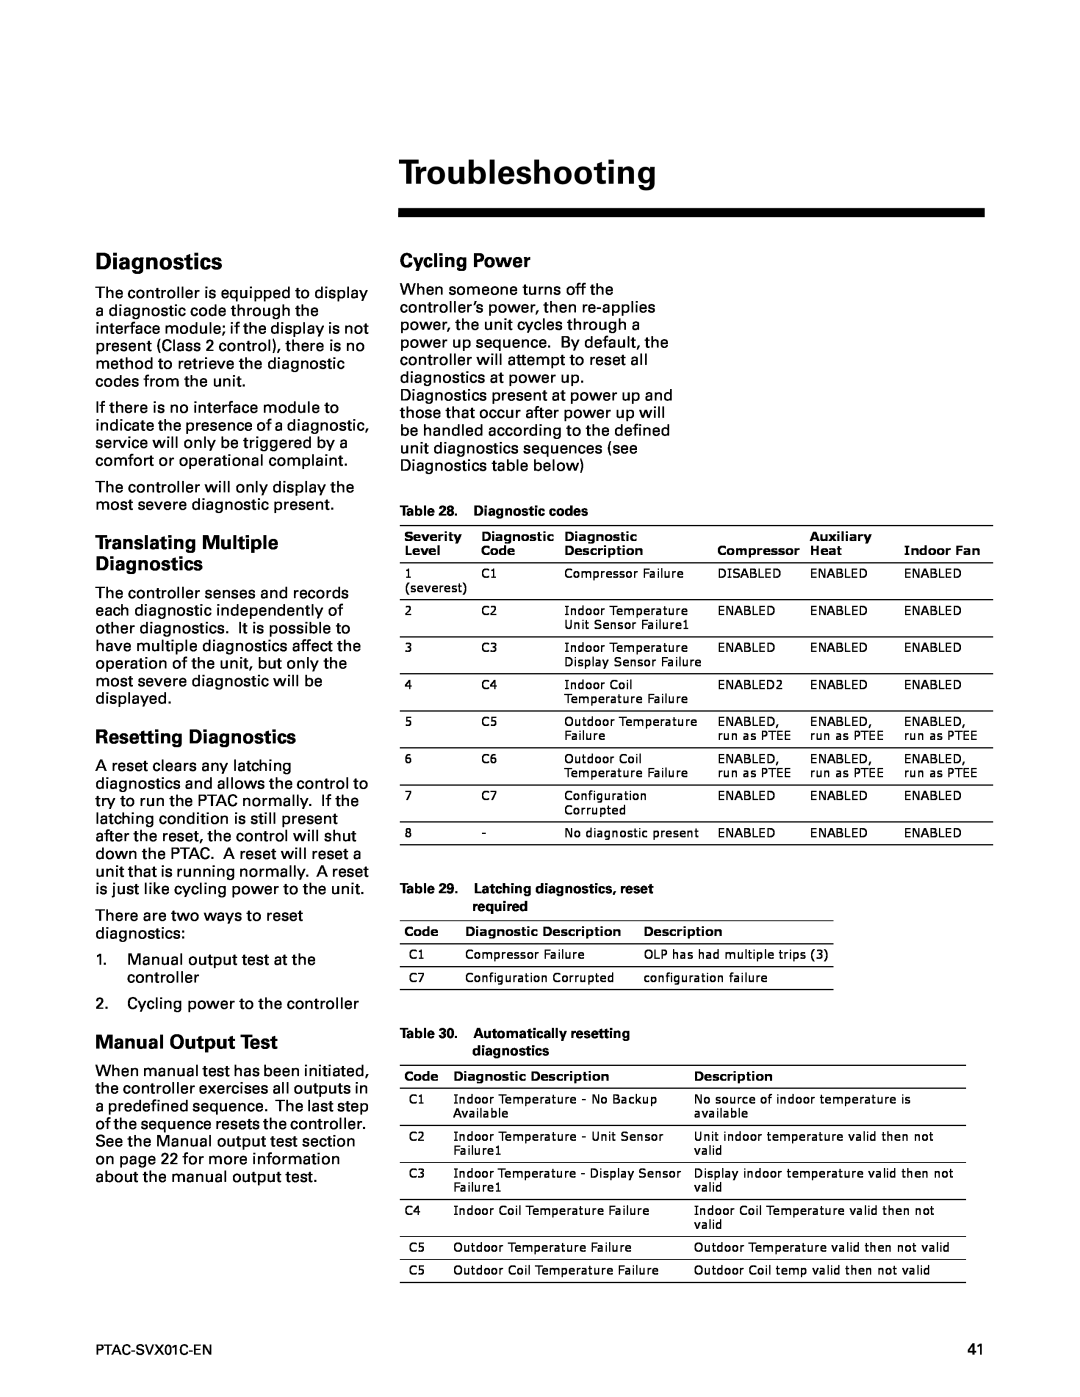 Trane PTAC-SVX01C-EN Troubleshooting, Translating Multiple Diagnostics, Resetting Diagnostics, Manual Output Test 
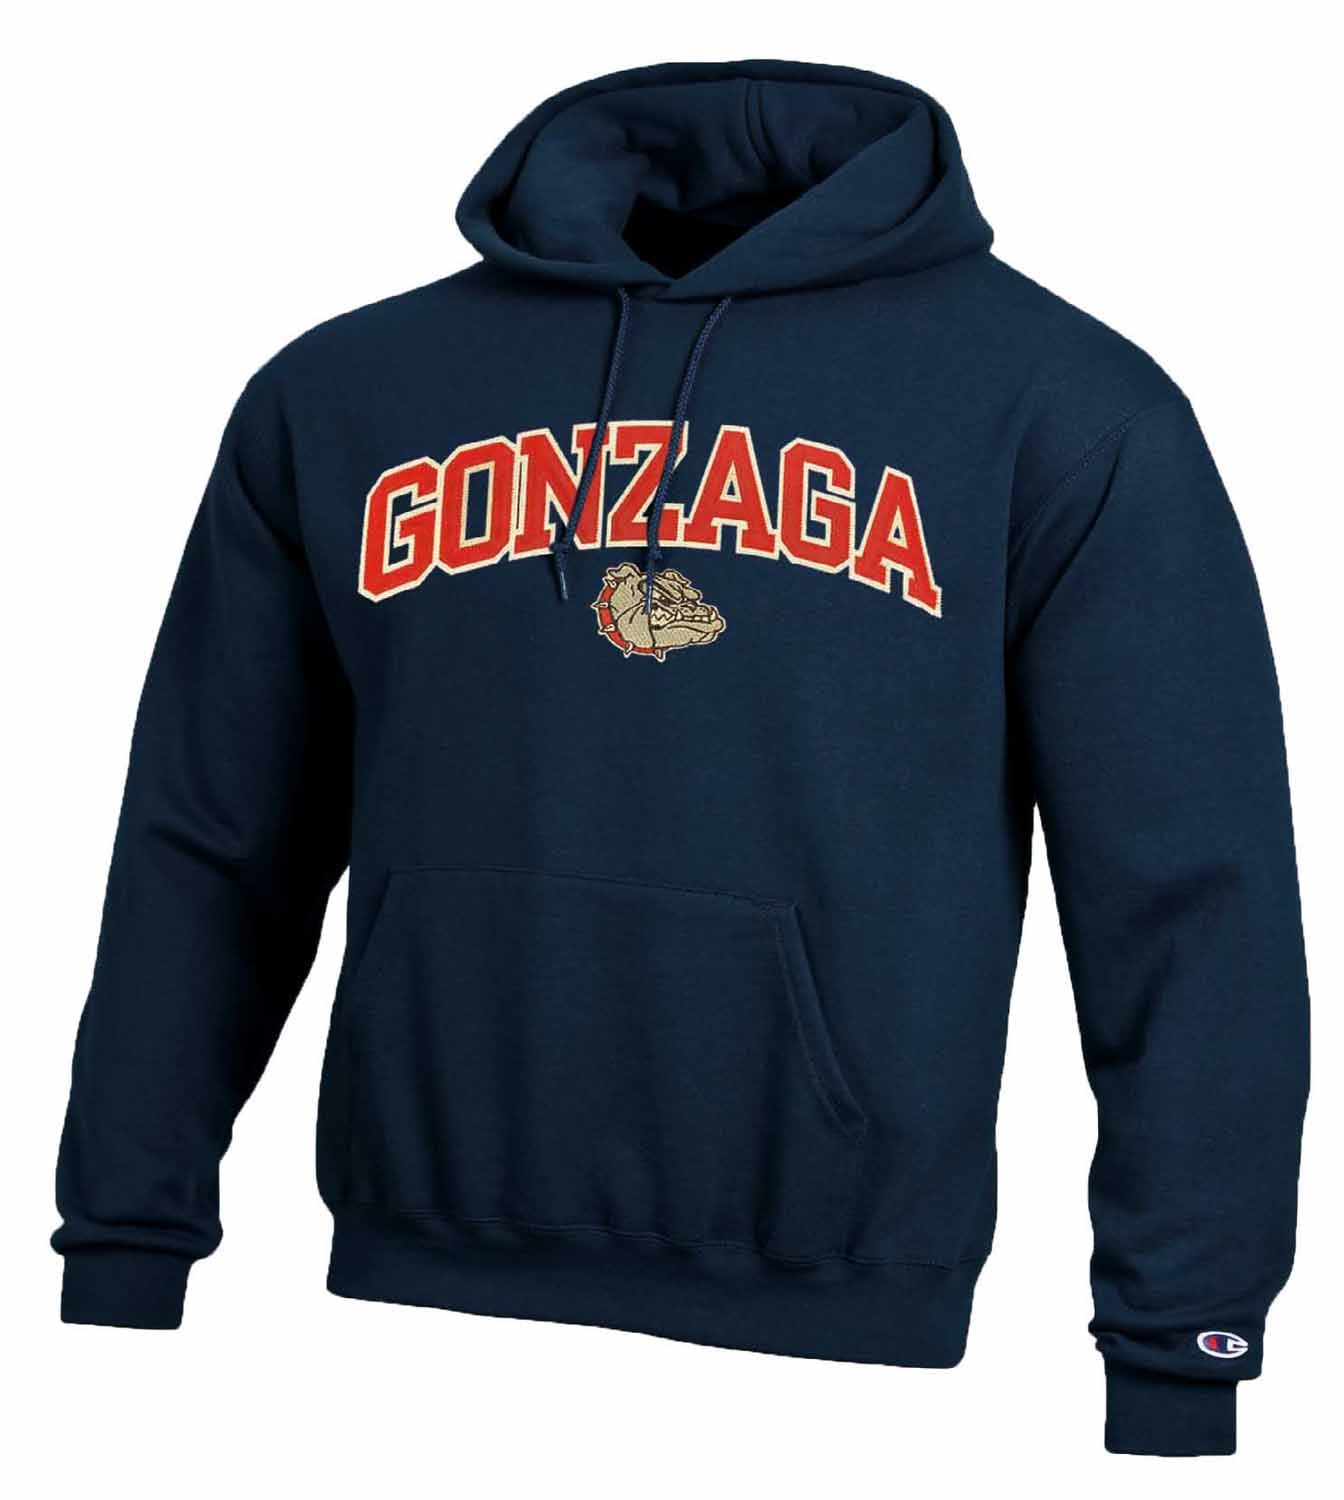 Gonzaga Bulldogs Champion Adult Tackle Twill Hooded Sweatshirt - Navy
= = = =
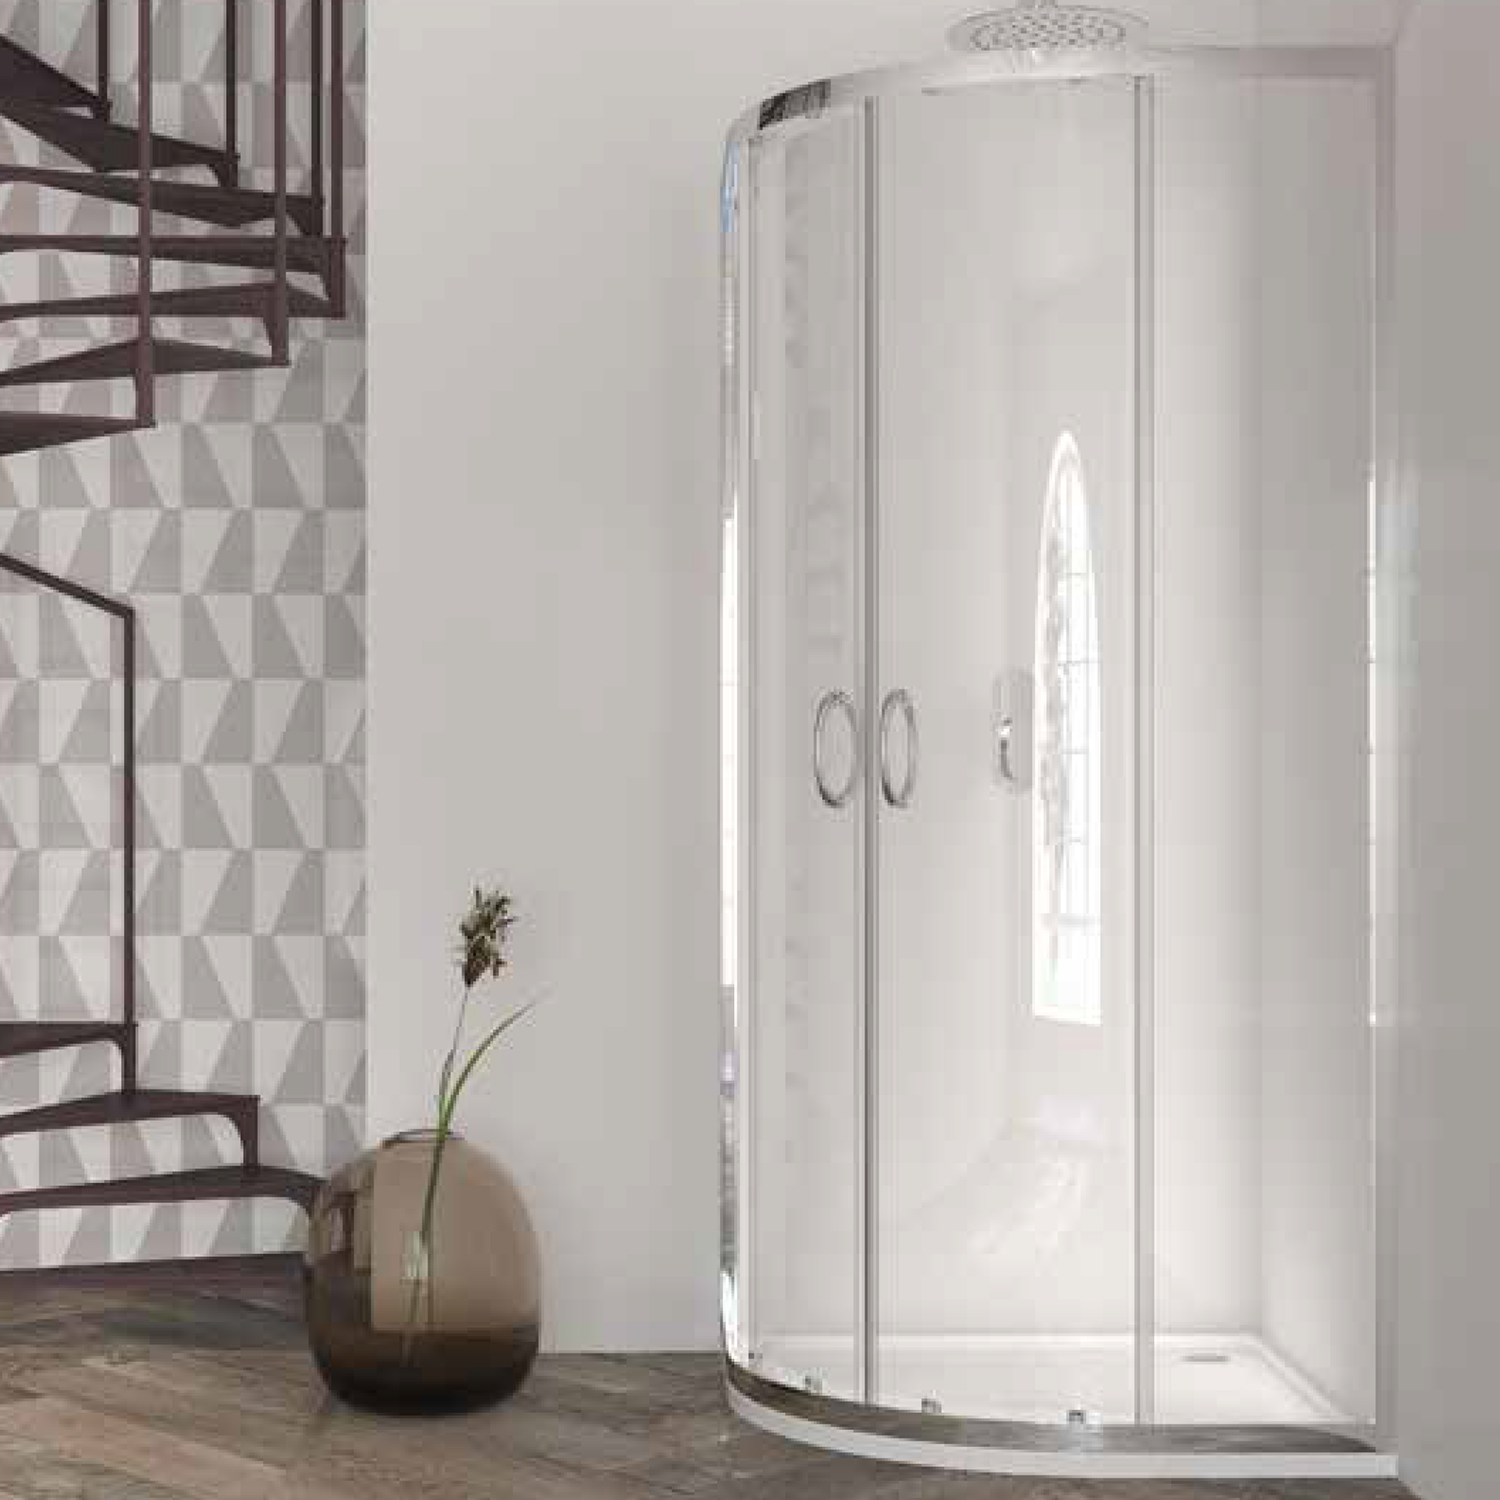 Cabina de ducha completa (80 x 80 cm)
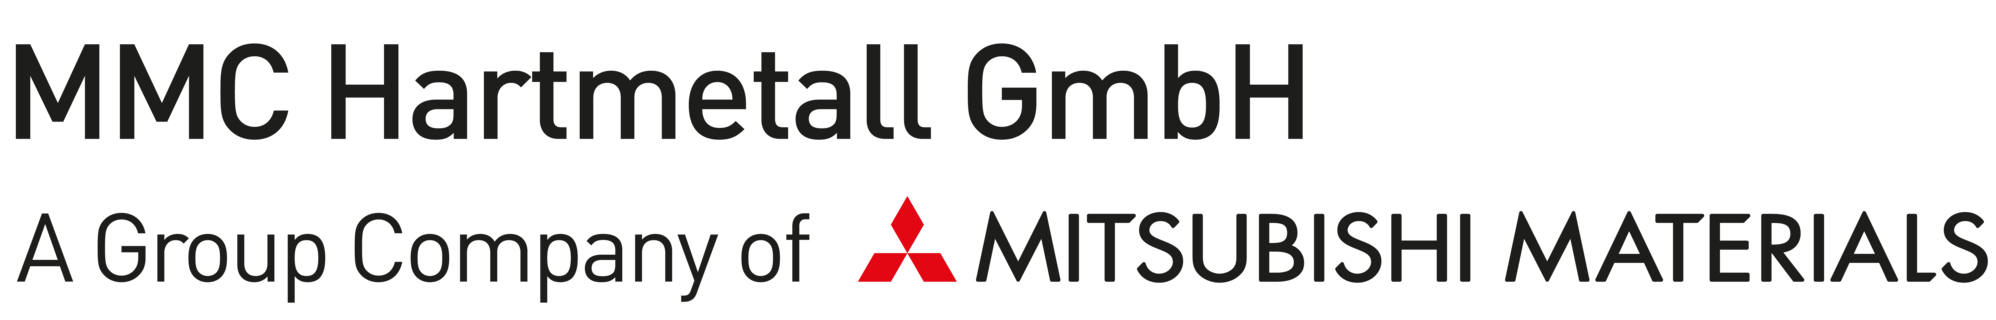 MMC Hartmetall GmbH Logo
= = = =
Your task is to copy only the lines above starting at the one containing "Trane PTAC-SVX01C-EN Troubleshooting, Translating" and ending at the one containing "Gonzaga Bulldogs Champion". Copy them exactly, both ends included, and omit the pictures.

**REPLY TO THE TASK:**
 Trane PTAC-SVX01C-EN Troubleshooting, Translating Multiple Diagnostics, Resetting Diagnostics, Manual Output Test 
 Gonzaga Bulldogs Champion Adult Tackle Twill Hooded Sweatshirt - Navy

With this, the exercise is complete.